I envision addressing this challenge by embedding participatory methods in realist evaluations, where communities can play a central role in identifying what "works" in their settings, why certain approaches succeed or fail, and how partnerships between diverse actors can be strengthened. A key part of this is listening to experts by experience and involving them in co-design in meaningful ways. Drawing on lived experience can help develop care models that are more relevant and grounded in context. This also means building the capacity of experts by experience and ensuring their inclusion from the very beginning. Such approaches are especially important for mental health and de-addiction interventions, where the insights of service users are critical in improving service delivery.

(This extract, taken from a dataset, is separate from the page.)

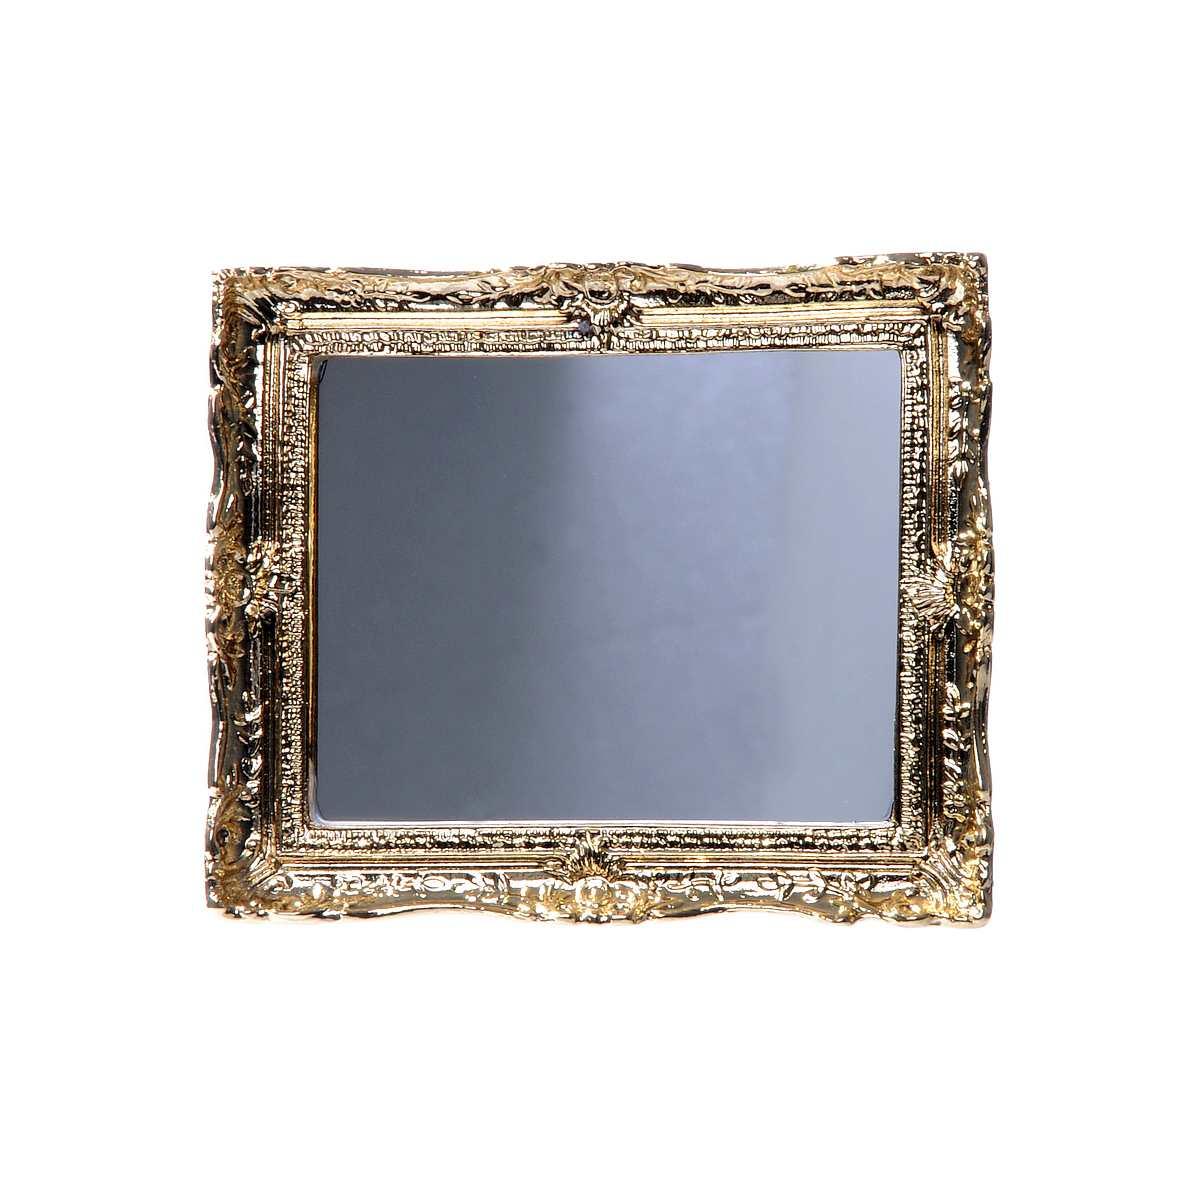 spiegel mit goldrahmen spiegel olagora mit goldrahmen aus. Black Bedroom Furniture Sets. Home Design Ideas

I want to contribute to the growing body of strengths-based research and practice in evidence-informed community care, focusing on participation and sovereignty of communities instead of deficit-based approaches. The realist approach supports this by questioning traditional hierarchies of what counts as evidence and allowing space for different forms of knowledge generation practices. I am also interested in contributing to field-building efforts that strengthen the use of complexity-informed approaches in evaluation. Through this work, I seek to provide an enhanced understanding of how lived experience and peer support can help improve practice and research in community-based interventions for mental health. I want to help bridge the gap between evaluation findings and action by supporting program redesign and shaping policy that supports decentralised community-based care for mental distress.